Problem #4. Write a program to solve the following problem. Find a word in English that contains 3 consecutive pairs of identical letters. For example, committee does not quite work because there is an "i" between the "mm" and "ttee". Mississippi also does not work because of the extra i's between the pairs of "ss", "ss", and "pp". You should use the text file words.txt which is on the COS 125 website.

The answer is here:

def main():
    infile = open("words.txt",'r')
    for w in infile:
        if td(w): print w

    print "Done!"

def td(w):
    for i in range(len(w)-5):
        if w[i] == w[i+1] and \
           (w[i+2] == w[i+3]) and \
           (w[i+4] == w[i+5]):
            return True
    return False


I now need to modify this to get more credit, but I don't really understand what is going on in the td(w) function. How does the length of the word - 5 work? I get the w == stuff, its just the range part that is confusing me.

Here are some notes he gave us:

*A string like s = ...xxyyzz... looks like the following
*s = s[i+1] = x
*s[i+2] = s[i+3] = y
*s[i+4] = s[i+5] = z
*You must have i+5 <= len(s) - 1
*Thus i <= len(s) - 6
*i is in range(len(s) - 5)
*What if len(s) < 6?

I feel like I should be able to get this from those notes, but i'm confused. Any clarification is much appreciated.

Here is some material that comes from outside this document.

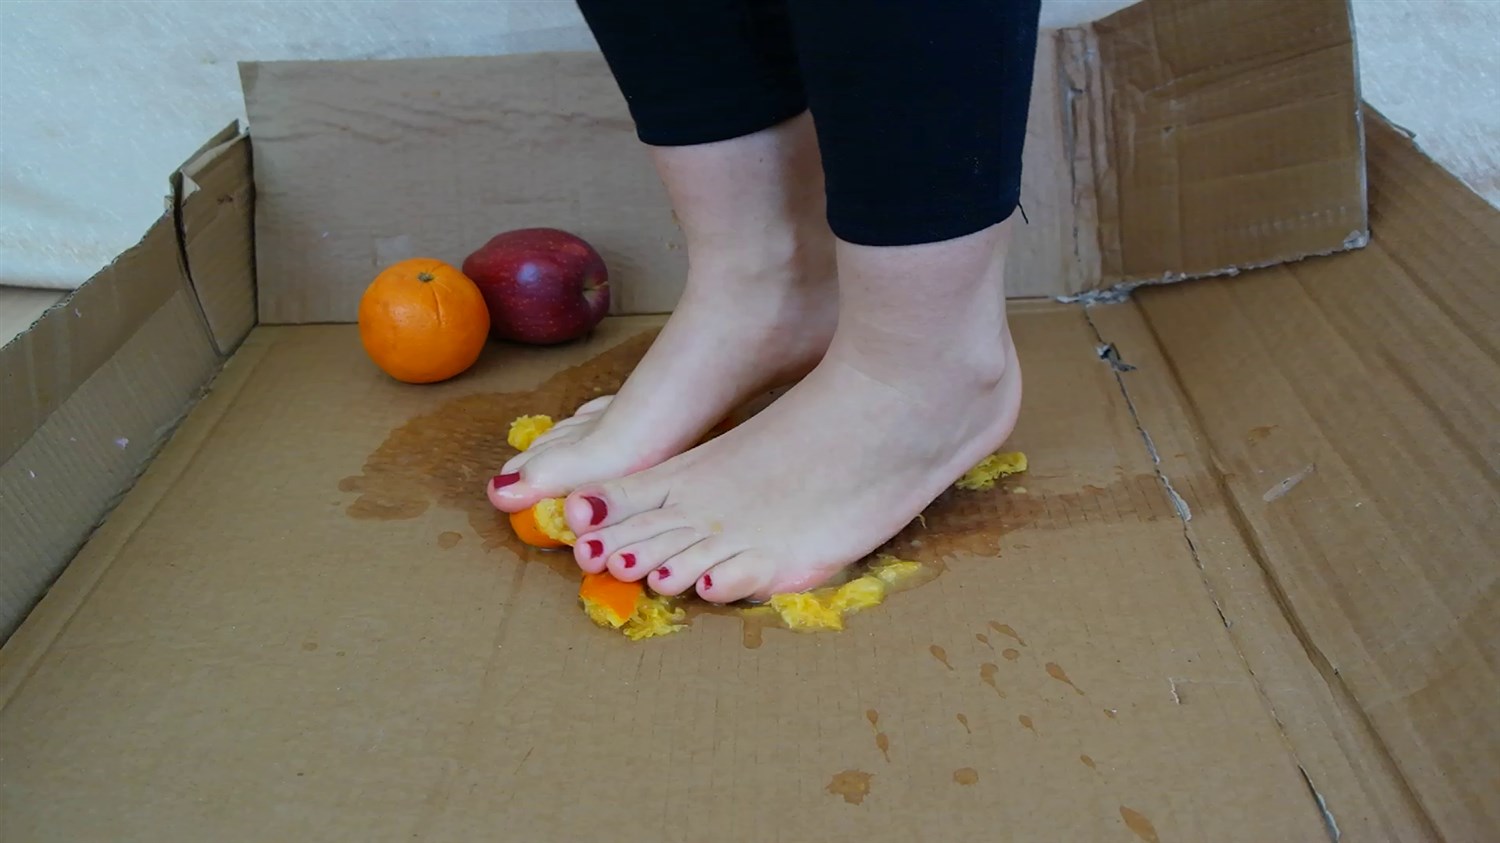 Caroline Barefoot Fruit Crush Want Feet Foot Fetish Videos Sexy Feet And Soles 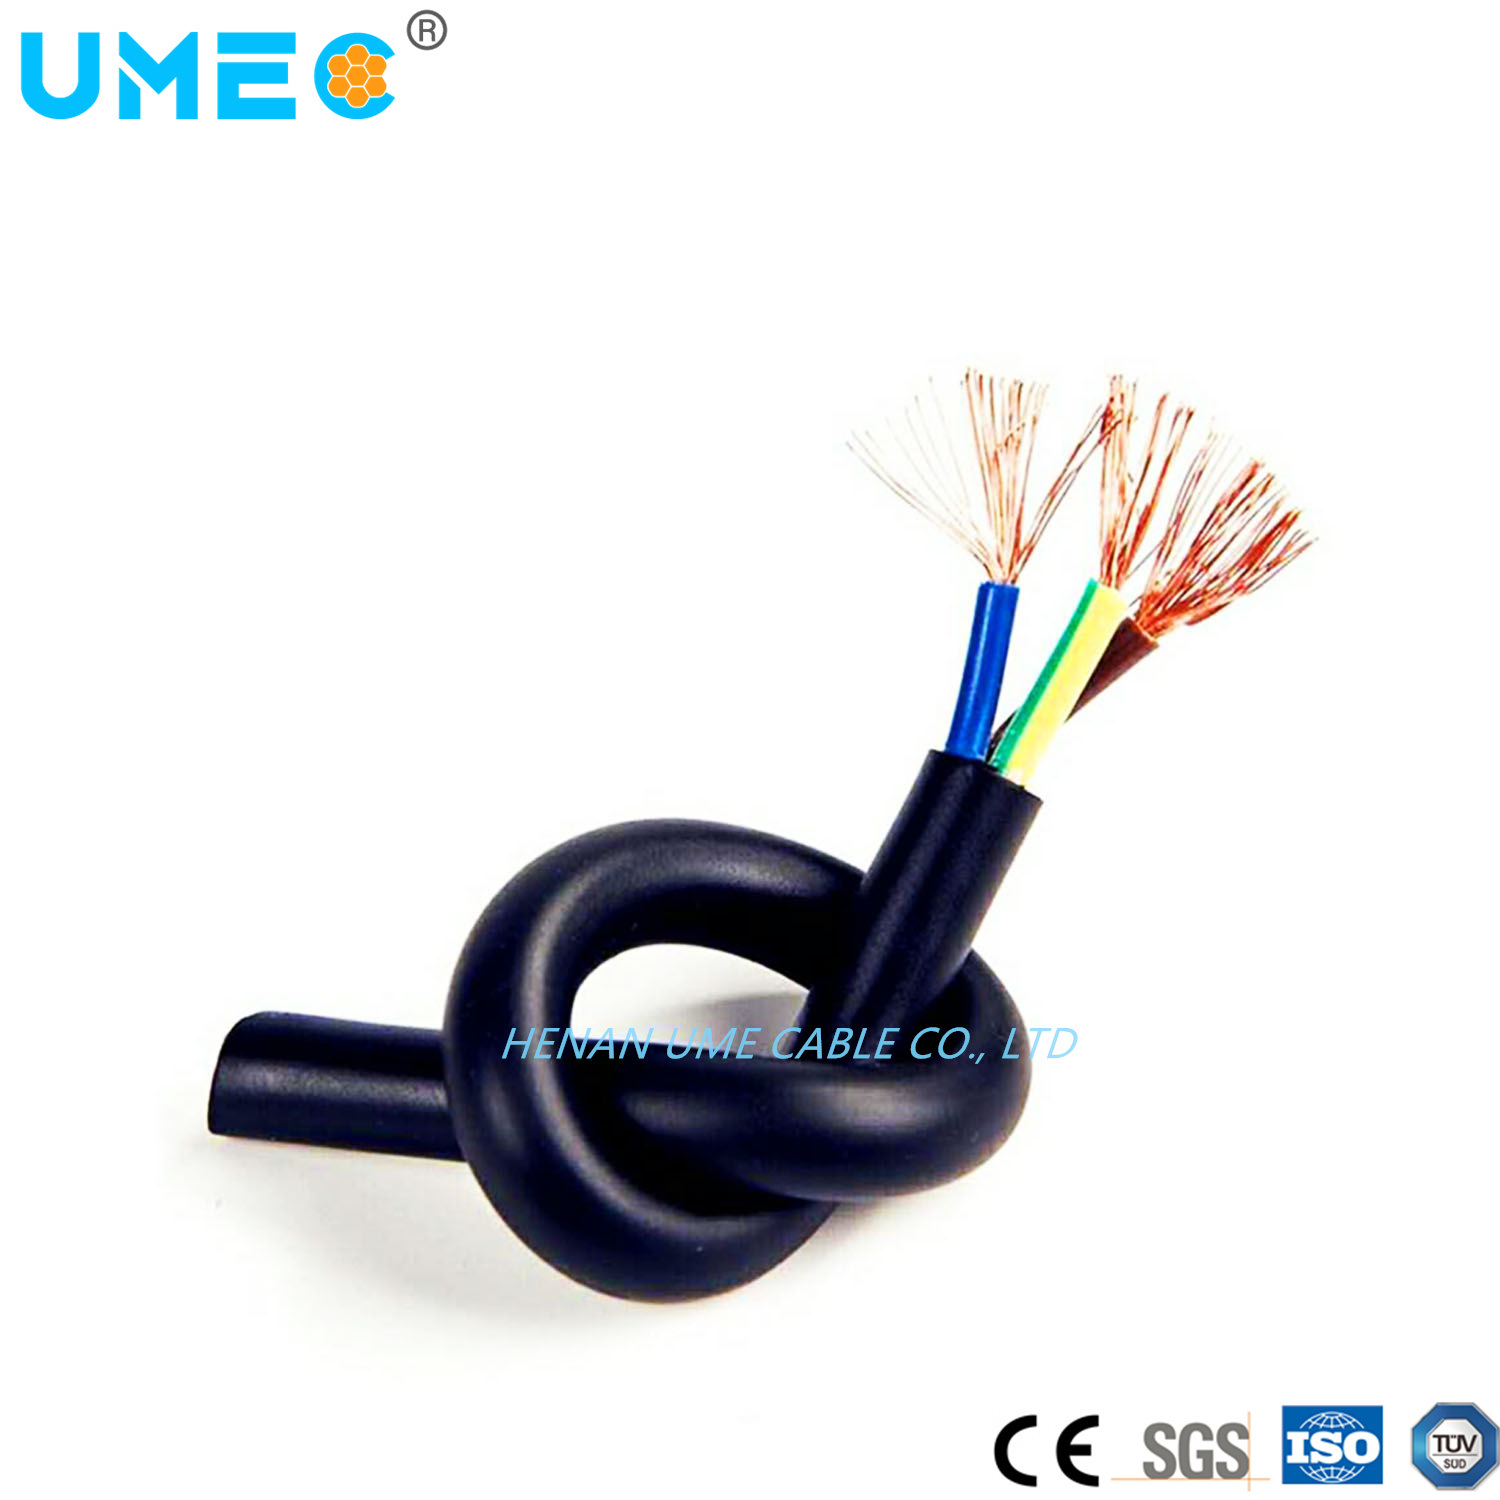 IEC245-23 IEC245-26 300/300V (YZ type) 300/500 450/750V (YC type) H07rn-F H07rrf3 Rubber Cable

In the if statement you are using w[i+5].

This means that you need to make sure the maximum i plus 5 does not go out of bounds for the string. Let me demonstrate:

>>> w = 'aabbccdd'
>>> print len(w), len(w) - 5
8 3
>>> range(3)
[0, 1, 2]
>>> print w[0], w[1], w[2], w[3]
a a b b
>>> print w[2+2], w[2+3], w[2+4], w[2+5]
 c c d d
>>> print w[3+5]
Traceback (most recent call last):
  File "<input>", line 1, in <module>
IndexError: string index out of range

You see that the index of the string can only go up to 7 (the length - 1; and you need to subtract 1 because the first index is 0).

If we try to look at index 8 we get an IndexError. So your code just is making sure we're not breaking the indexing.


commented: Thank you +1

Since you are testing 6 letters total, you want to use "len(w)-5" so you won't run out of letters. To set up an example using "aabbcc" as the simplest example, you only want the for loop to test the first letter. It will test a->a, b->b, and c->c. If you go beyond the first letter in this example, then you will run out of letters before you are done testing, so obviously it will not satisfy the conditions. So, the length of "aabbcc" is 6 and we want to test the first element, or 0 offset, so we want to stop at 6-6 or zero. If there were seven letters, "xaabbcc", we would test length=7 minus 6 = 1, so would test the first 2 letters, (or the zero and 1 offset), against the next 6 and not run out of letters. The for loop goes up to, but does not include the upper number, so it is len(w)-5.

def td(w):
    for num in range(0, len(w)-5):
        print "first test =", w[num], w[num+1]
        print "2nd test  =", w[num+2], w[num+3]
        print "3rd test  =", w[num+4], w[num+5]
        if w[num] == w[num+1] and \
           (w[num+2] == w[num+3]) and \
           (w[num+4] == w[num+5]):
            return True
    return False